Michael McGee had been an elected representative in Milwaukee since 1984 (as a member of the Common Council), and by 1987 was highly concerned about the rapidly deteriorating conditions of Milwaukee's black residents. He became more radical and outspoken in his politics and organized protests by black residents about their conditions. By 1990 he had become an alderman and it was during this time he announced the formation of a "Black Panther Militia".

==Organization history==
McGee announced the formation of the Black Panther Militia in April 1990, and stated that unless the city invested $100 million into an inner-city jobs program, himself and the militia would promote violence in the black community and that if no significant improvement was made for the black community in Milwaukee by 1995, they would begin "urban guerrilla warfare". The white establishment in Milwaukee was shocked, and Mayor John Norquist, who had previously enjoyed good relations with McGee, demanded his resignation. However, McGee had no intention of backing down and continued forward in his radical direction. McGee's remarks had drawn national attention and from that point enjoyed a considerable public profile. For example, in 1990 McGee and the militia were profiled by CBS during an episode of 60 Minutes.

Not long after McGee's announcement, the Black Panther Militia claimed to have 500 young black men and women as members, of whom 60 were students from the University of Wisconsin–Madison. Subsequently, the Black Panther Militia mirrored the actions of the Black Panther Party; McGee began to refer to himself as "commander" and dressed in military-esque attire, the militia announced they had a Ten-Point Program, began providing free social services such as Free Breakfast for Children and started their own newspaper entitled Panther Spirit, in the same vein as the Black Panther newspaper.

During one period in 1990, McGee informed authorities that in response to Usinger's sausage company opposed renaming a street in Milwaukee to Dr. Martin Luther King Jr. Drive, a group of black militants had poisoned some of their products. In response, Usinger's issued a mass recall but it was later discovered the entire affair was a hoax by McGee. He was censured by the Milwaukee Common Council in response.

In 1992, McGee was facing re-election as alderman and faced a difficult path to retain his office. The city had redrawn the lines of his district and split much of his black voting base while including more white voters. In response, in January 1992 McGee threatened to "launch terrorist warfare" by the Black Panther Militia unless he was re-elected. However, by February, he appeared before the Common Council in business attire and said he was willing to work with the system. The election was held in April and McGee lost his seat to Sgt. George Butler, a black police officer endorsed by Mayor Norquest.
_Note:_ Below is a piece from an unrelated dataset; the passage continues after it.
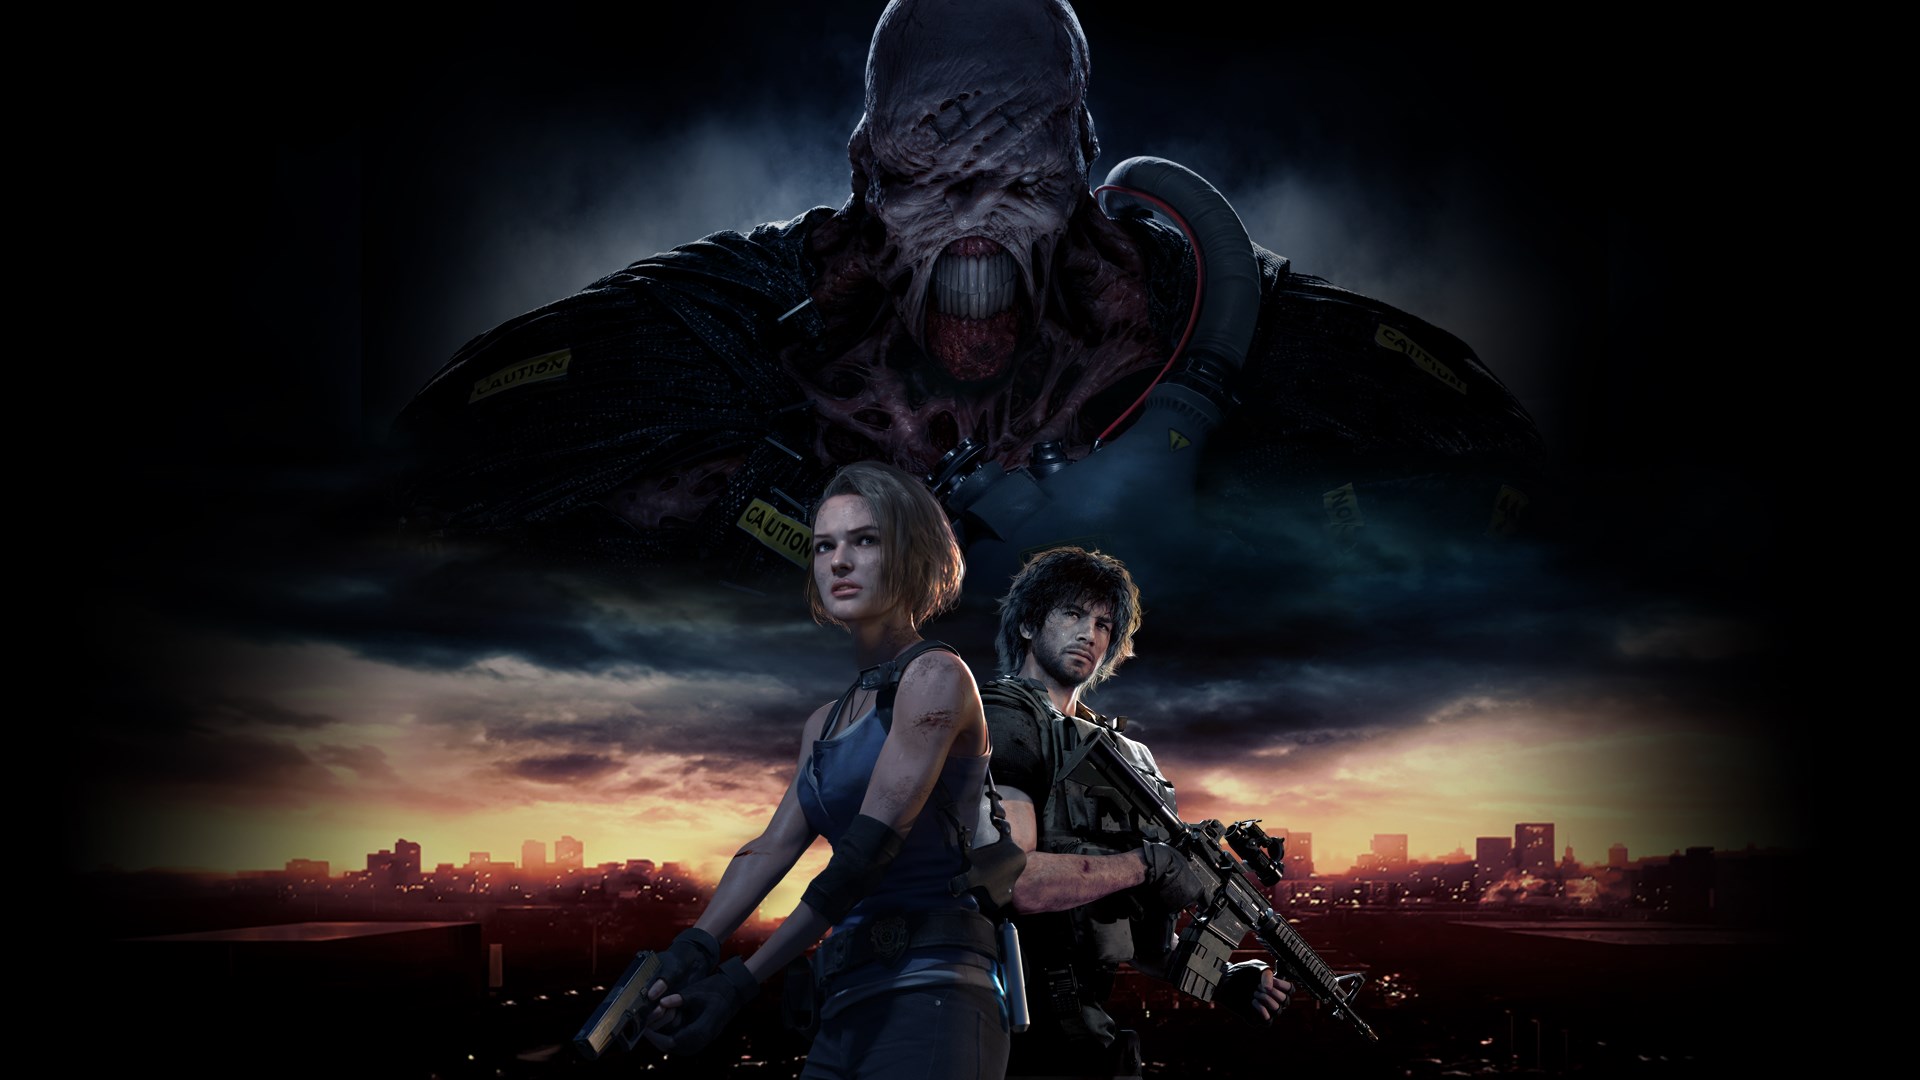 Resident Evil 3+Resident Evil Resistance XBOX ONE
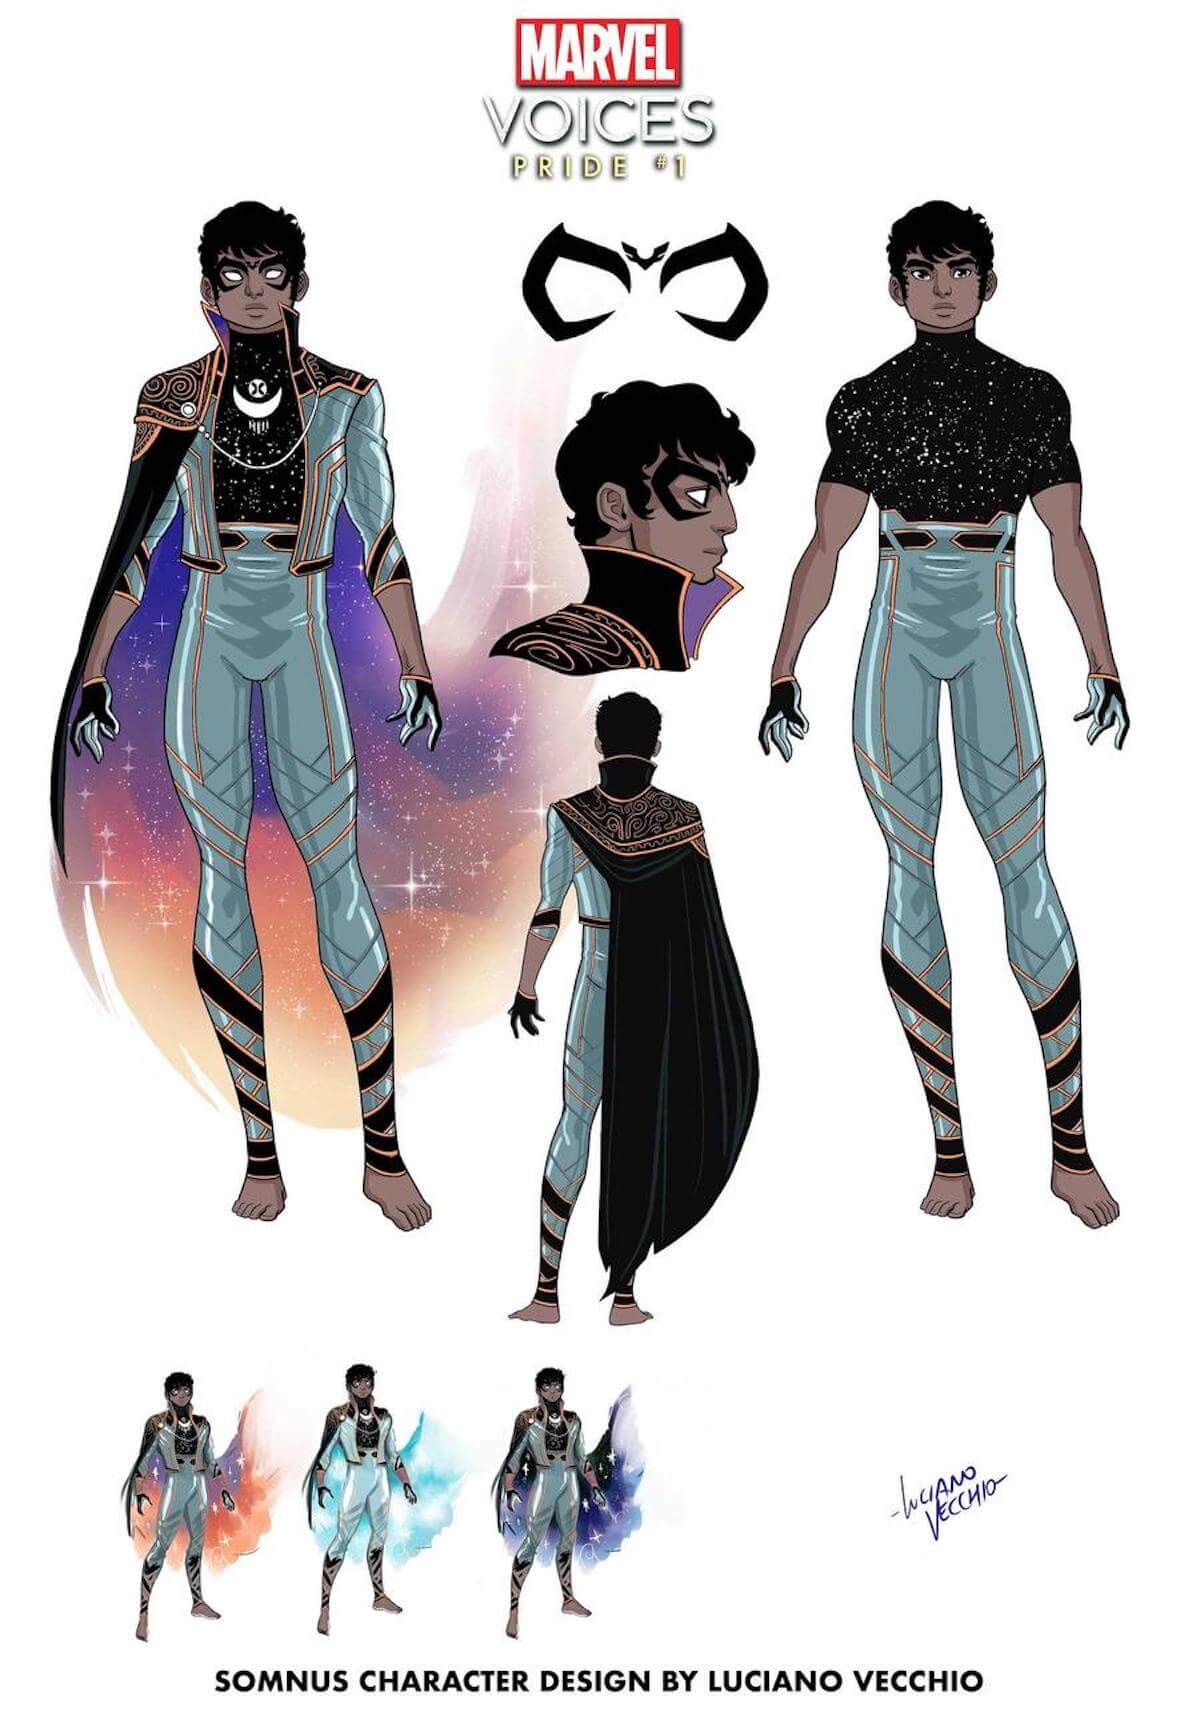 Ecco Somnus, il nuovo supereroe LGBTQ + della Marvel - marvoicespride2021001 somnus character design - Gay.it

McGee continued to lead the Black Panther Militia. In 1992 the BPM announced they had created two additional chapters, one in Indianapolis, Indiana, and one in Dallas, Texas. In 1994 McGee and the BPM were still pressing its threat to begin warfare on the United States in 1995 unless material conditions for black residents of Milwaukee improved.

By the late 1990s, the Black Panther Militia had been absorbed into the New Black Panther Party, which by 1998 was attempting to become a national organization and was incorporating other "Panther-like" groups such as the New Panther Vanguard Movement out of Los Angeles.